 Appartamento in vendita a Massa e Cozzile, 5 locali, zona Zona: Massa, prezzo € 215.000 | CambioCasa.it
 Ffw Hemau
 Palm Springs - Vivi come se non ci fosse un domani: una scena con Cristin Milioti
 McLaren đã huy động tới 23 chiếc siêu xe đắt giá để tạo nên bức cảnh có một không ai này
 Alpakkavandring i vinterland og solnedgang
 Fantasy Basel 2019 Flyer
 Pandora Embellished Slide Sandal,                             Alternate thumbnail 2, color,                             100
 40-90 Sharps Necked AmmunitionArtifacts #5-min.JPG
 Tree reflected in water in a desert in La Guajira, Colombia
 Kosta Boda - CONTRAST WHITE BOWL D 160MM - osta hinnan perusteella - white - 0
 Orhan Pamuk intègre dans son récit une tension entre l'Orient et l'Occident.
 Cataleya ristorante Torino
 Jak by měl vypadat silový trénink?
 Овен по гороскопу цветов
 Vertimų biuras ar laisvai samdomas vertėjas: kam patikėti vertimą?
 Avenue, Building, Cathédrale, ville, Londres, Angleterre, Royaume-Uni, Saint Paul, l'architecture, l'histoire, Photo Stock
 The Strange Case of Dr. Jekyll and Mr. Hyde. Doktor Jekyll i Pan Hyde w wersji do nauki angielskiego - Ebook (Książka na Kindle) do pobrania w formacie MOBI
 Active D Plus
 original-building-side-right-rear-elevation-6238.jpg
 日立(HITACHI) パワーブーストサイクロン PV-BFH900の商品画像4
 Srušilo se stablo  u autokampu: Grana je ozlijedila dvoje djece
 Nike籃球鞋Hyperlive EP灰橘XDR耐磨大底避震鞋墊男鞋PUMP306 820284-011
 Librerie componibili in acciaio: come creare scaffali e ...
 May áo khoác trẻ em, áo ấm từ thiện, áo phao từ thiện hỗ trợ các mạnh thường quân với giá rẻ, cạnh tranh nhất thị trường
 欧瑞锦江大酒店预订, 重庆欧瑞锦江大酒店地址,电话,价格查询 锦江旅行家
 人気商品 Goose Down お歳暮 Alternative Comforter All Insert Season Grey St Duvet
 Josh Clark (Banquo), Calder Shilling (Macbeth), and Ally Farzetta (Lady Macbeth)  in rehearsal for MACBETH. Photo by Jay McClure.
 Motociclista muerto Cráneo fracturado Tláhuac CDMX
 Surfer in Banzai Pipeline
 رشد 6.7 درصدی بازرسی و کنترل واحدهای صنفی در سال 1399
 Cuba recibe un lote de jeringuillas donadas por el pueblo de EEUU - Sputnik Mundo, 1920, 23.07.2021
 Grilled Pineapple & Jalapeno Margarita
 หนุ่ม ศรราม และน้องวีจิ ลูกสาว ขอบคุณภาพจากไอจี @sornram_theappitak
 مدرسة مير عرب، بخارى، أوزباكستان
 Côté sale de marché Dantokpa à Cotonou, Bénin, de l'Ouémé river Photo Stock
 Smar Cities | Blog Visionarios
○ ○ ○ ○ ○ ○ ○
*Required action*.
Copy exactly the lines that run from the first line of the data to the line containing "Pandora Embellished Slide", please, with both ends included and nothing else.

*Output for this exercise*.
 Appartamento in vendita a Massa e Cozzile, 5 locali, zona Zona: Massa, prezzo € 215.000 | CambioCasa.it
 Ffw Hemau
 Palm Springs - Vivi come se non ci fosse un domani: una scena con Cristin Milioti
 McLaren đã huy động tới 23 chiếc siêu xe đắt giá để tạo nên bức cảnh có một không ai này
 Alpakkavandring i vinterland og solnedgang
 Fantasy Basel 2019 Flyer
 Pandora Embellished Slide Sandal,                             Alternate thumbnail 2, color,                             100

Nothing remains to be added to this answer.